Valor econômico, v.21, n.4998, 12/05/2020. Política, p. A6

 

Valeixo diz que Bolsonaro queria chefe da PF "com mais afinidade"

André Guilherme Vieira

Luísa Martins

Marcelo Ribeiro

12/05/2020

 

 

O ex-diretor-geral da Polícia Federal (PF), Maurício Valeixo, afirmou ontem que Jair Bolsonaro lhe disse, em duas oportunidades, que gostaria de nomear ao cargo de chefe da corporação alguém com quem tivesse "maior afinidade", mas não relatou "nenhum tipo de problema" com o presidente.

Em um depoimento de mais de sete horas prestado na PF de Curitiba, Valeixo negou que tenha havido interferência política durante sua gestão à frente do órgão e afirmou que o presidente nunca pediu a ele qualquer dado sobre investigação policial em curso. O ex-diretor-geral da PF foi ouvido por delegados e procuradores da República que conduzem o inquérito que apura eventual interferência política de Bolsonaro na PF. O Valor teve acesso ao depoimento.

"A partir do momento em que há uma indicação com interesse sobre uma investigação específica, estaria caracterizada uma interferência política, o que não ocorreu em nenhum momento", disse.

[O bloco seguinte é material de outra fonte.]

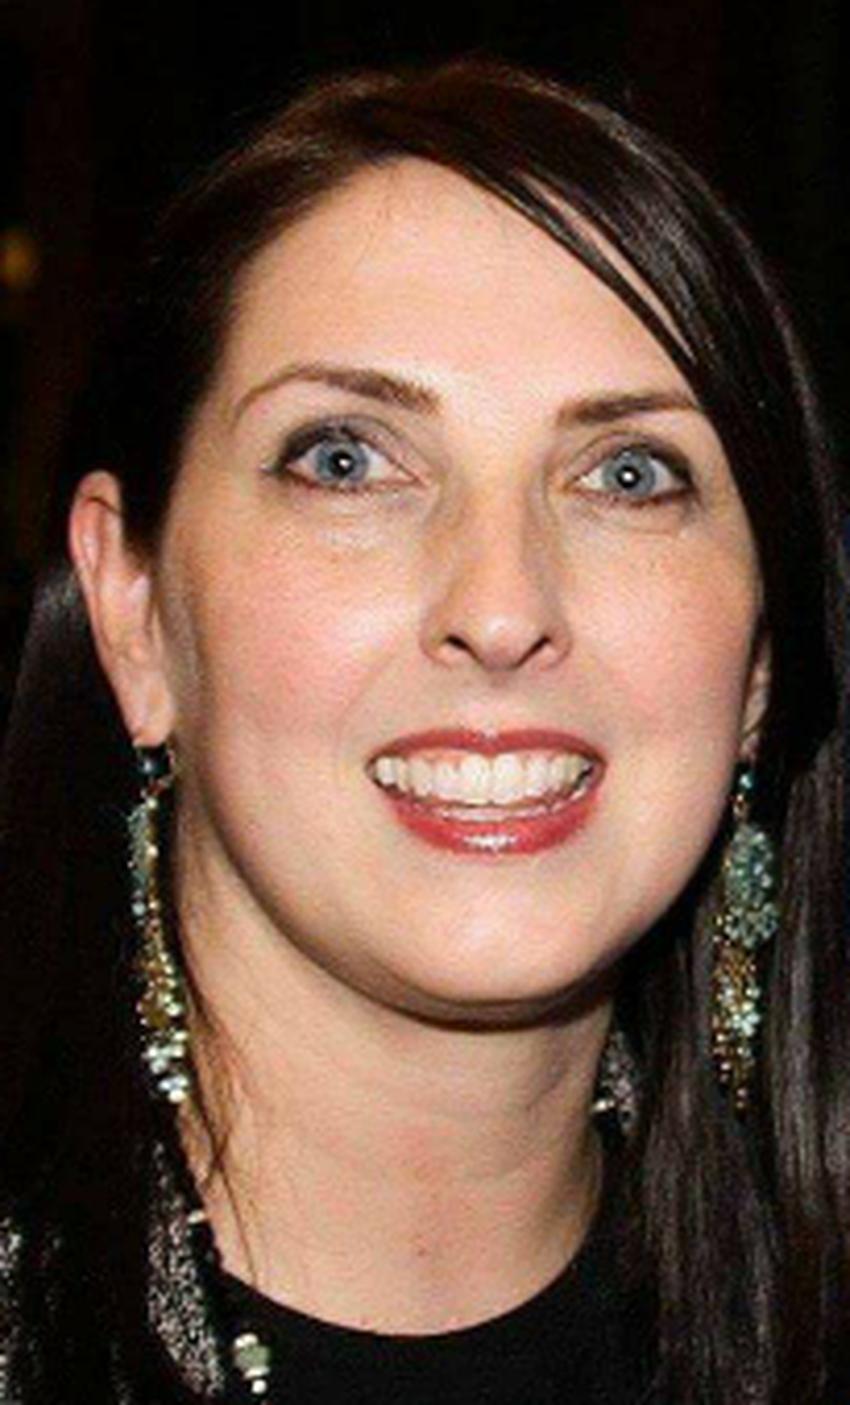 Ronna Romney McDaniel | Wiki & Bio | Everipedia, the encyclopedia of ...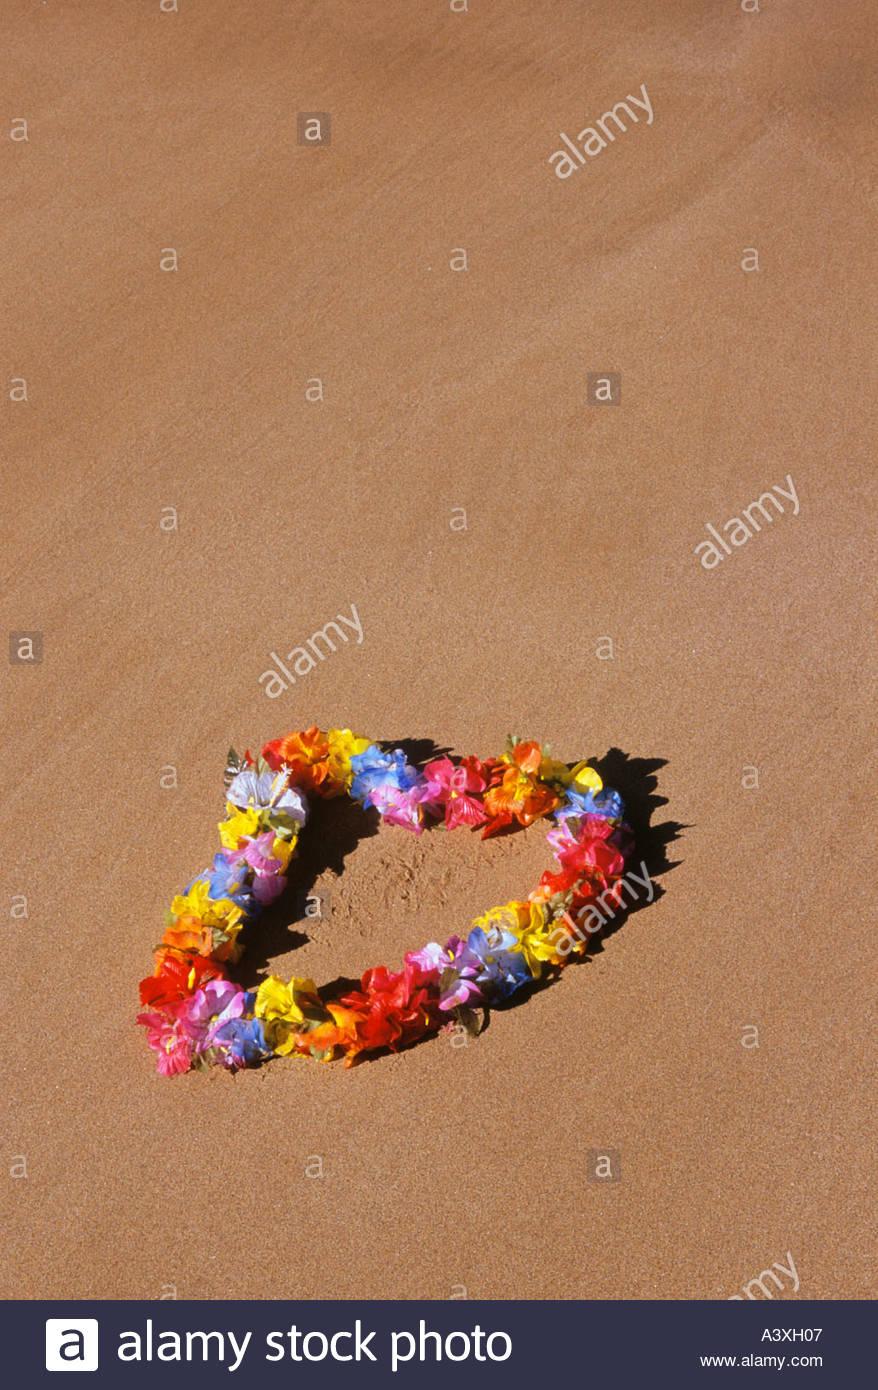 Flower garland or lei on the beach at wailea on the island of maui flower garland or lei on the beach at wailea on the island of maui in the state of hawaii usa izmirmasajfo

Valeixo afirmou que "não lhe foi solicitada nenhuma informação por parte da Presidência da República sobre investigações ou inquéritos em tramitação na superintendência da PF no Rio".

Ele negou que a troca na direção-geral da PF poderia ter impacto no acesso a informações sobre o inquérito das "fake news", em curso no Supremo.

"Seria necessária uma troca na rotina de trabalho estabelecida na PF já há muitos anos", disse. Segundo Valeixo, "os inquéritos que tramitam no STF envolvem tratativas diretas entre equipes policiais e os gabinetes dos ministros, sem que tais documentos passem pelo gabinete do diretor-geral" da PF.

Valeixo afirmou que nem Bolsonaro, nem Moro, solicitaram informações sobre o inquérito 4781 do Supremo Tribunal Federal (STF), em que o presidente e deputados são investigados.

Indagado se o presidente da República pode solicitar relatórios de inteligência da PF, Valeixo respondeu que a "doutrina" da corporação prevê que o presidente pode pedir tais informações quando envolverem questões estratégicas que demandem a tomada de decisões e que isso também é feito por outros órgãos como a Agência Brasileira de Inteligência (Abin).

Valeixo contou que estava desgastado no cargo desde o segundo semestre de 2019. Disse que em agosto houve aproximação do delegado Alexandre Ramagem com a direção-geral da PF, "visando minimizar o desgaste ocorrido com a primeira crise [para definir o chefe da PF] do Rio de Janeiro."

O delegado disse se recordar que Ramagem "havia sido indicado no início de sua gestão, em comum acordo com os demais diretores [da PF], para exercer o cargo de superintendente da Polícia Federal no Estado do Ceará". Mas isso não ocorreu, segundo Valeixo, porque Ramagem foi requisitado para atuar junto à Presidência da República, no Gabinete de Segurança Institucional (GSI). "Depois dessa função o doutor Ramagem passou a exercer o cargo de diretor da Abin". Valeixo disse que até então não sabia da relação de amizade de Ramagem com Bolsonaro.

Valeixo disse também que Sergio Moro nunca indicou "qualquer nome para função de superintendente" e que a única mudança mencionada pelo então ministro "se restringia à superintendência do Rio de Janeiro, o que ocorreu por duas vezes".

Ontem, em Brasília, foram tomados os depoimentos de Alexandre Ramagem e do delegado Ricardo Saadi, ex-superintendente da PF no RJ.

O vídeo da reunião no Palácio do Planalto em que o presidente teria manifestado intenção de interferir politicamente na PF será exibido hoje aos investigadores.

A gravação foi indicada pelo ex-ministro Moro como prova de que o presidente tinha interesse em trocar o diretor-geral da PF para ter acesso a relatórios sigilosos.

Bolsonaro disse estar "zero preocupado" com o vídeo da reunião dos ministros em que supostamente teria ameaçado Moro de demissão. "Nós fornecemos o vídeo na íntegra (...) para comprovar que nada devemos no tocante ao inquérito".